La mise en conformité des ouvrages hydrauliques et l’installation de turbines hydroélectriques imposant la mise en place d’une passe à poissons, un comité de pilotage, réuni à l’instigation du cabinet missionné, a rassemblé le propriétaire, la DDAF, le Conseil supérieur de la Pêche (nouveau ONEMA), les financeurs potentiels (Agence de l’Eau, Conseil Général de Gironde et Conseil Régional d’Aquitaine), la DIREN, l’établissement public EPIDOR et le Syndicat intercommunal d’aménagement hydraulique de la Dronne, de sorte que tous les enjeux et expériences de terrain soient exprimés et pris en considération.

Parmi les points importants révélés par l’étude historique et patrimoniale, celui du fossé parallèle à la fuite du barrage a grandement servi la pertinence des choix proposés : le fossé n’était autre que l’ancien chenal de navigation creusé entre 1831 et 1835 pour faciliter l’écoulement des denrées vers Coutras et Bordeaux.
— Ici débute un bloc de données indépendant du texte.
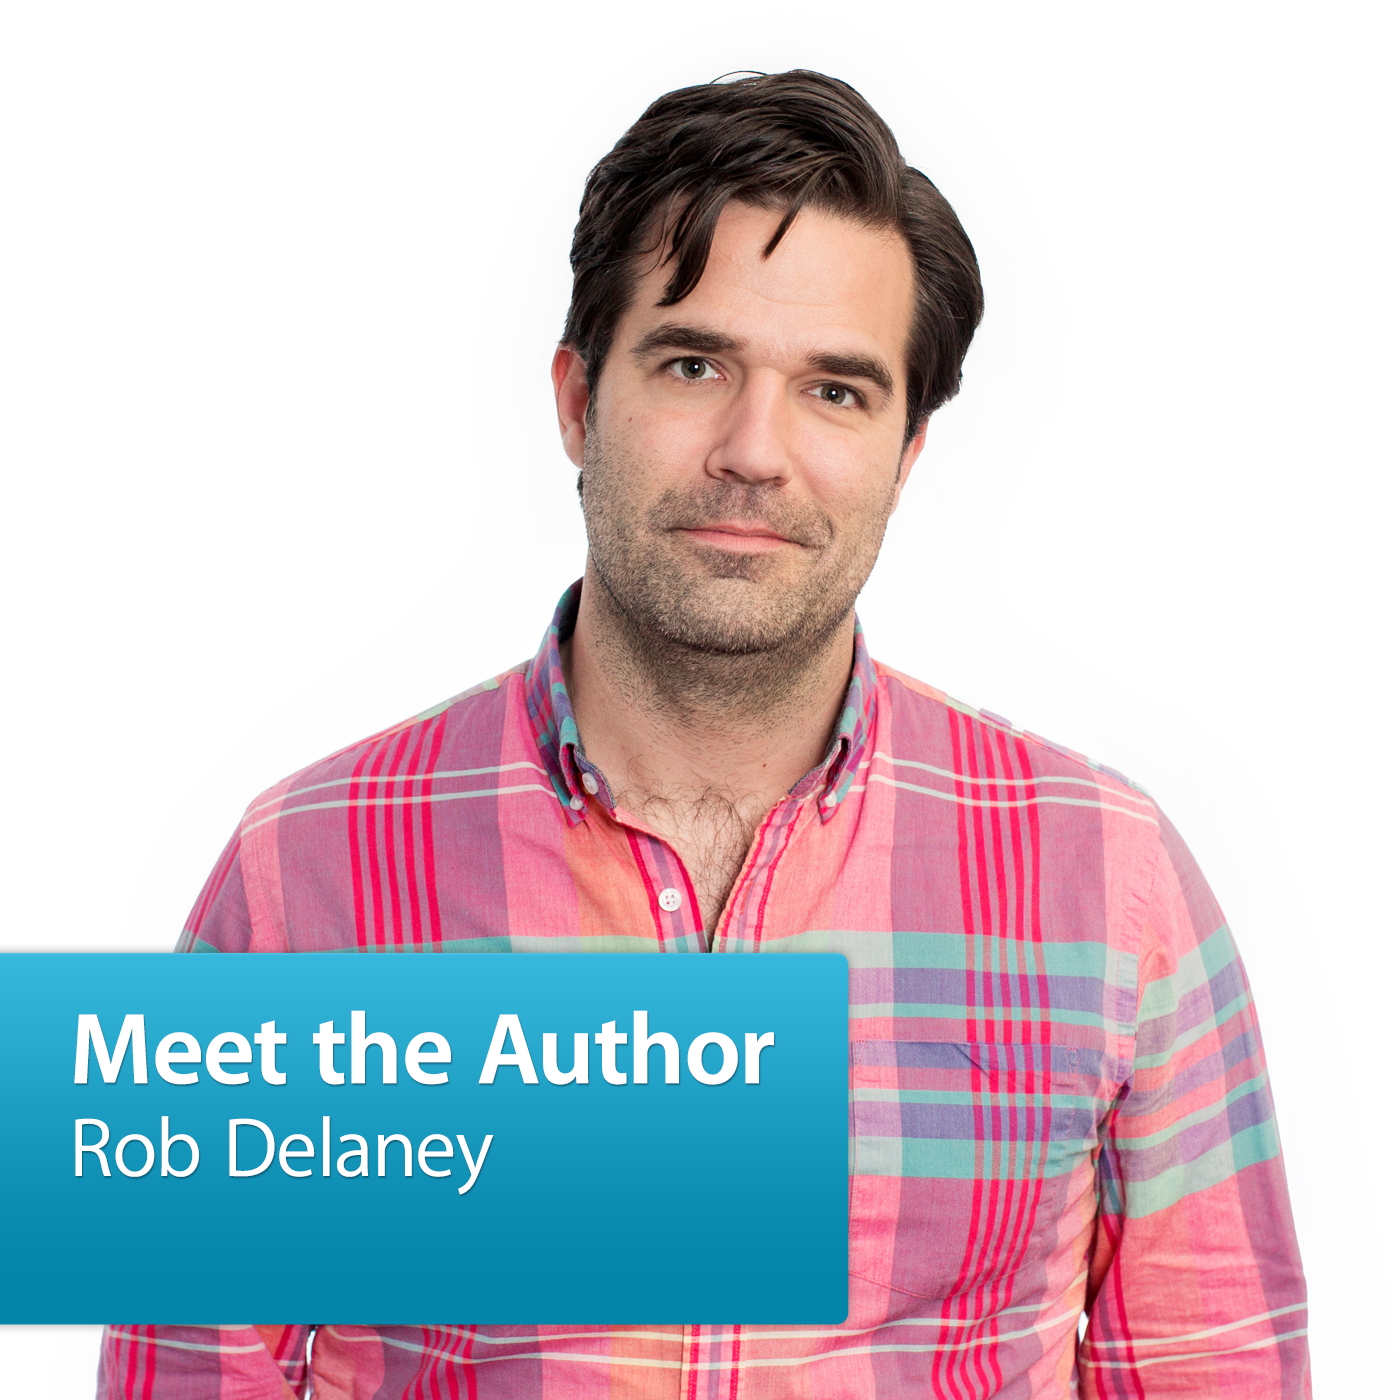 Rob Delaney: Meet the Author

L’identification de cette dépression, recouverte par les friches sur la partie amont, a justifié une état des lieux juridique précisant le parcellaire et les devoirs inhérents aux riverains du chenal.
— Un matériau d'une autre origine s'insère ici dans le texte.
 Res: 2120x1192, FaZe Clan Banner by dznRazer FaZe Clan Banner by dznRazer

Après avoir fréquemment travaillé avec les acteurs locaux, le cabinet a rendu une étude environnementale et technique proposant les types de travaux à réaliser, les procédés d’exécution, de mise en œuvre, d’exécution et de suivi. Ont été ainsi proposées différentes techniques et infrastructures répondant aux besoins de chaque espèce de poisson : dispositif de dévalaison, dispositifs de piégeage, passes à bassins, passe à anguilles, exutoires, échancrures pour les lamproies,etc… De plus, l’efficacité du dispositif a été appréhendée de sorte que le fonctionnement de l’usine et le volume d’eau turbiné soient fonction des débits de la Dronne. Ainsi, les 18,3 m3/sec seront effectivement turbinés à partir d’un débit de la Dronne supérieur à 20,86m3/sec. De même, l’usine devra être arrêtée du moment que le débit de la Dronne sera équivalent au débit moyen minimum quinquennal de 2,5 m3/sec. A l’étiage, l’intégralité du débit passera par le dispositif de franchissement piscicole et par l’échancrure à créer sur le barrage en rive droite pour faire passer un débit d’attrait. Le coût des travaux s’élèvent à  environ 1 000 000 euros répartis ainsi : 63% pour le dispositif de franchissement piscicole, 15% pour le dispositif de suivi scientifique et 22% pour les travaux liés à la production d’électricité.

 

L’originalité du projet se situe ainsi dans notre conviction qu’il est possible de protéger le patrimoine, d’être efficace écologiquement et énergétiquement et de contrôler l’efficacité des dispositifs. Ainsi, la micro-centrale, la passe à poissons et le local de suivi scientifique constituent les éléments complémentaires d’un projet dont l’intérêt est de créer de l’énergie renouvelable à partir d’un ouvrage existant à l’abandon tout en restaurant les potentialités écologiques de la Dronne.

 

De ces exemples, nous pouvons retenir trois points :

-  l’opposition entre préservation légitime des écosystèmes naturels et présence de barrages et de turbines se trouve sans fondement dans la seule mesure où chacun des aspects écologiques est étudié scientifiquement, pris en compte dans les aménagements proposés et participant des dynamiques économiques et sociales locales.

-  tous les cours d’eau ne peuvent être équipés de PCH, d’une part parce que le rapport entre débit et rentabilité de l’activité est négatif mais aussi parce que, dans certains cas, le temps d’inactivité du moulin a été « compensé » par des interventions anthropiques et des dynamiques en contradiction avec les intérêts même du moulin.

- l’installation de turbines hydroélectriques n’est pas le plus onéreux dans un projet de réhabilitation d’anciens barrages abandonnés.